Methods: The NIKTT commissioned the ANZDATA registry to deliver a pilot project involving the collection and analysis of additional pre-transplant data points from 29 Australian renal units. The framework comprises two components: an annual survey and real-time reporting. The survey asks units to report on whether the patient is in active workup for transplantation, already on the waitlist, or ineligible for transplantation and the reason why. The real-time reporting component asks units to document the date of four key events as they occur: determination of eligibility for transplantation, commencement of workup, completion of workup and completion of transplant assessment.
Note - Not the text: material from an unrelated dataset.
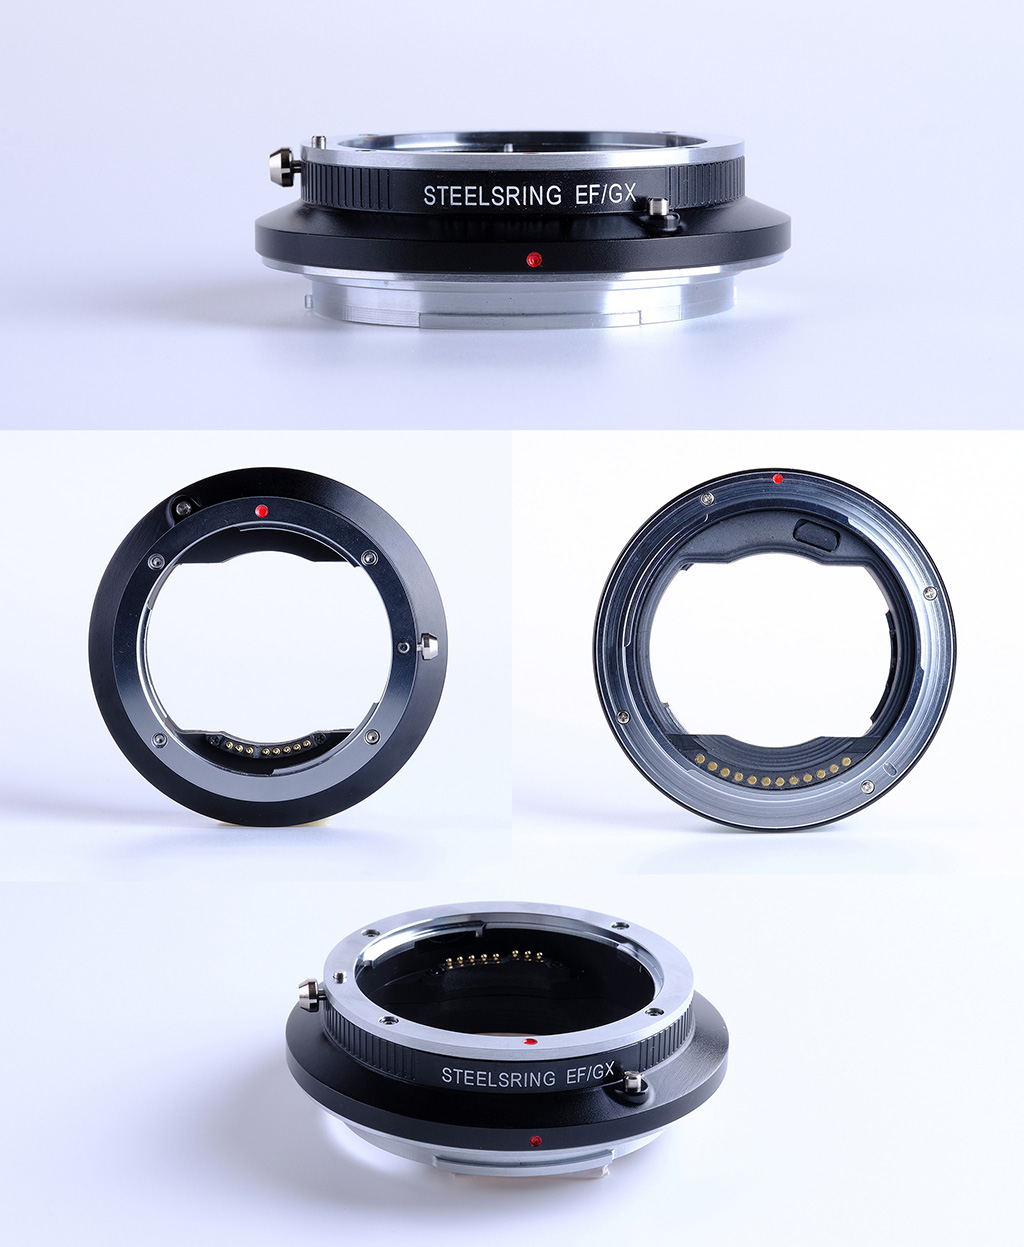 Smart Adapters for GFX Cameras – Steel's Rings

Results & Conclusions:  The findings from this project will generate valuable insights into barriers that inhibit Indigenous patients from achieving transplant waitlisting, catalysing the development of new models of care to better support Indigenous patients throughout the pre-transplant journey.


Biography:
Based at the Royal Adelaide Hospital, Stephen McDonald is Director of Dialysis and a Senior Staff Nephrologist at The Central Northern Adelaide Renal and Transplantation Service and Clinical Director of Renal Services for Country Health SA Health. Stephen also serves as Executive Officer of the Australia and New Zealand Dialysis and Transplant Registry, Chair of the National Indigenous Kidney Transplantation Taskforce, and holds academic status as Clinical Professor in the Department of Medicine of the University of Adelaide.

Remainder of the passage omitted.